Bursa Kent Konseyi Şairler Yazarlar Çalışma Grubu'nun davetiyle Türkiye'nin dört bir yanından gönüllü olan şair ve yazarlar, 64 şehidin öyküsünü ve şiirini yazdı.

Şehitlerin unutulmaması amacıyla hazırlanan "1 Şehit, 1 Öykü, 1 Şiir" isimli kitap için yola çıkan şair ve yazarlar, şehitlerin aileleriyle görüşerek onlardan bilgi aldı. Bir yıldan fazla süren proje kapsamında, 64 şehidin öyküsü ve şiiri yazılarak kitaplaştırıldı. Yayımlanan eserden elde edilecek gelir, şehit ailelerine verilecek.

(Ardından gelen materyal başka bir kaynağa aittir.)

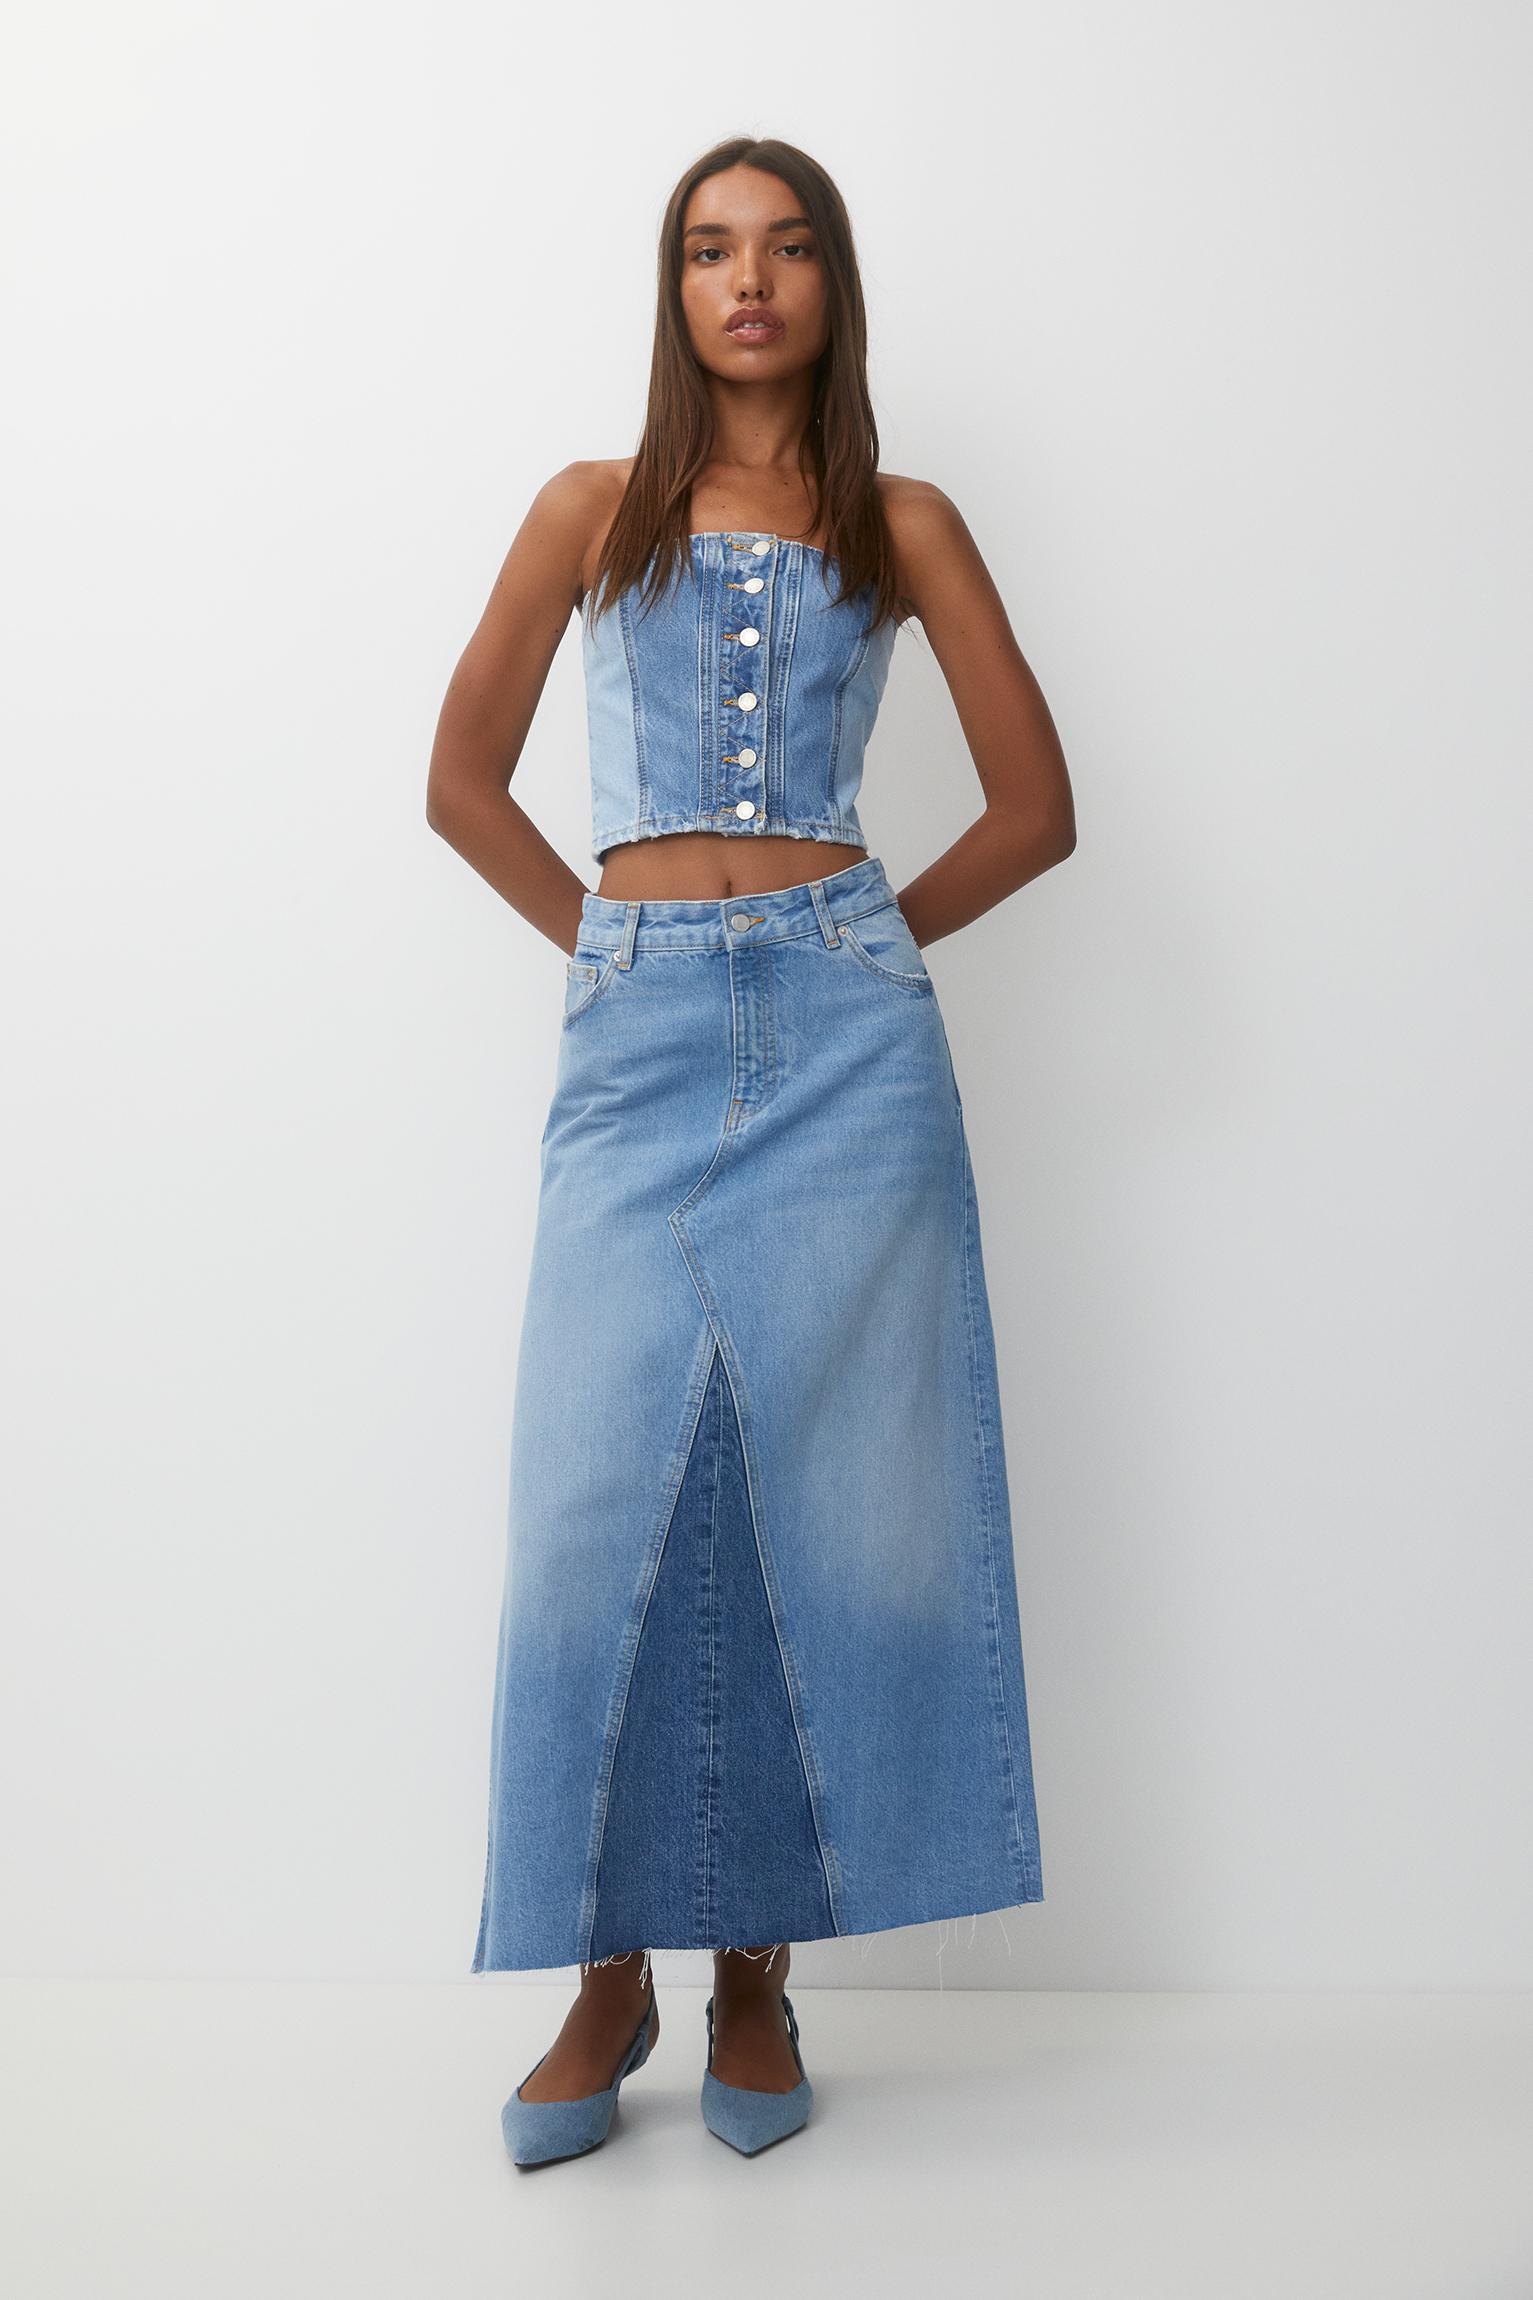 The Patchwork Denim Skirt Is The MustHave Piece For This Summer

Bursa Kent Konseyi Şairler Yazarlar Çalışma Grubu Başkanı ve 22. Dönem AK Parti Bursa Milletvekili Faruk Anbarcıoğlu, AA muhabirine, projenin fikir sahibinin, Fransa'da yaşayan Harun Yıldırım olduğunu söyledi. Yıldırım'ın ağır yaralanan bir gazinin durumundan etkilenerek kendisini aradığını, şehitlerin öykülerini yazmayı teklif ettiğini belirten Anbarcıoğlu, "Biz de 5 kişilik bir seçki kurulu oluşturduk. Sonra sosyal medya aracılığıyla Türkiye'deki şair ve yazar arkadaşları davet ettik. Bu çağrımıza Türkiye'nin dört bir tarafından 52 arkadaşımız olumlu cevap verdi." dedi.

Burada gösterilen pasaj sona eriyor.